▶

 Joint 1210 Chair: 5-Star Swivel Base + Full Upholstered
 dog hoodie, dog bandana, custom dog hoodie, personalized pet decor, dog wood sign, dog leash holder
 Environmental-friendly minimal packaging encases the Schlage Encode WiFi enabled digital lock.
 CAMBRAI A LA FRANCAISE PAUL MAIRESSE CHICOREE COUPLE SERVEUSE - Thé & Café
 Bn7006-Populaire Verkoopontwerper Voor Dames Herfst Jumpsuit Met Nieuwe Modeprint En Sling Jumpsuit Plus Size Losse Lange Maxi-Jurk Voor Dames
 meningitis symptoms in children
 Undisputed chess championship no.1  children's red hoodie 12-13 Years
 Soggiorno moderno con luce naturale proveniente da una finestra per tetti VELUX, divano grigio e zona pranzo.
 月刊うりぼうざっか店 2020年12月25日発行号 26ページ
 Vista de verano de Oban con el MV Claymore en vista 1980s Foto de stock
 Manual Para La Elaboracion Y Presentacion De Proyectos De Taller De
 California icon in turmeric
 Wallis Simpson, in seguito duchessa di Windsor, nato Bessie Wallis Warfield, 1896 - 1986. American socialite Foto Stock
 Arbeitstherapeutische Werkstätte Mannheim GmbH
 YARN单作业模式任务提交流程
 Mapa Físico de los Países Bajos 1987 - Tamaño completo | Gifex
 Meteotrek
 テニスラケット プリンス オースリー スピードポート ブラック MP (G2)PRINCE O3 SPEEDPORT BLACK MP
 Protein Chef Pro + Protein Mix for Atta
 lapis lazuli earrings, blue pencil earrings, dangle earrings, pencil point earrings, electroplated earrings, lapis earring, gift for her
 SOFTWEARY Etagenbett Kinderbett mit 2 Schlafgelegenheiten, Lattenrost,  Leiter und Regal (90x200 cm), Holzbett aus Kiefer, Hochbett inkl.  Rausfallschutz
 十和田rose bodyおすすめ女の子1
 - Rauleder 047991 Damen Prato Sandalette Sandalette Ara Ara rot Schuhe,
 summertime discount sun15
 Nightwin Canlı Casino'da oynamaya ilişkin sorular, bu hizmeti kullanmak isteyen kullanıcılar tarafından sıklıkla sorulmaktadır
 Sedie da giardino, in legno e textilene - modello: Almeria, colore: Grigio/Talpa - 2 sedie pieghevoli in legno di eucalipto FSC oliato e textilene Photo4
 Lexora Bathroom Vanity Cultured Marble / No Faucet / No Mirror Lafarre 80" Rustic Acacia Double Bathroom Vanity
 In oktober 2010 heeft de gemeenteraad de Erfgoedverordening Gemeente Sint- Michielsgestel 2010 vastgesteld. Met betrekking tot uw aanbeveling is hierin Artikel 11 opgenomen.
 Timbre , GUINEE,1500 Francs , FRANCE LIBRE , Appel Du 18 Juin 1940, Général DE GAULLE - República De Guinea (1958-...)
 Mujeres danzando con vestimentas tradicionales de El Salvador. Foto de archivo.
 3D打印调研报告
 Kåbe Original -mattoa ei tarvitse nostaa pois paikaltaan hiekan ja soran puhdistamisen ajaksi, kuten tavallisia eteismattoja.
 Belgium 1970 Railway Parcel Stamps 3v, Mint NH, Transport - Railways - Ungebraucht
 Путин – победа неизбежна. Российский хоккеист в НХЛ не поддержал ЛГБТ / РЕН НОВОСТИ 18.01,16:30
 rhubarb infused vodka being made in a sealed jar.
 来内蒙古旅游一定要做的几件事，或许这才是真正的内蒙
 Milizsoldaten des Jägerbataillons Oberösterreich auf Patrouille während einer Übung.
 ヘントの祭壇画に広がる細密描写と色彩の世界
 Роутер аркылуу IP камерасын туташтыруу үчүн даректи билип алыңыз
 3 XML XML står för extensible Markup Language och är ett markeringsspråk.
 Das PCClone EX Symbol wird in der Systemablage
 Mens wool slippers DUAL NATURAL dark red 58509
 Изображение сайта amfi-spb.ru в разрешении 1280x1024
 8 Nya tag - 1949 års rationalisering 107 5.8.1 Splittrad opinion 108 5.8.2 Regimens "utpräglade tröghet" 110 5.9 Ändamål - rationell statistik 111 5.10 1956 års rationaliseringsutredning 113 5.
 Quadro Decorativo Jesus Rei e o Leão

◀

WHAT IS REQUIRED ->
Extract every line containing the string "Foto" from the data above.

ANSWER FOR THIS EXERCISE ->
 Vista de verano de Oban con el MV Claymore en vista 1980s Foto de stock
 Wallis Simpson, in seguito duchessa di Windsor, nato Bessie Wallis Warfield, 1896 - 1986. American socialite Foto Stock
 Mujeres danzando con vestimentas tradicionales de El Salvador. Foto de archivo.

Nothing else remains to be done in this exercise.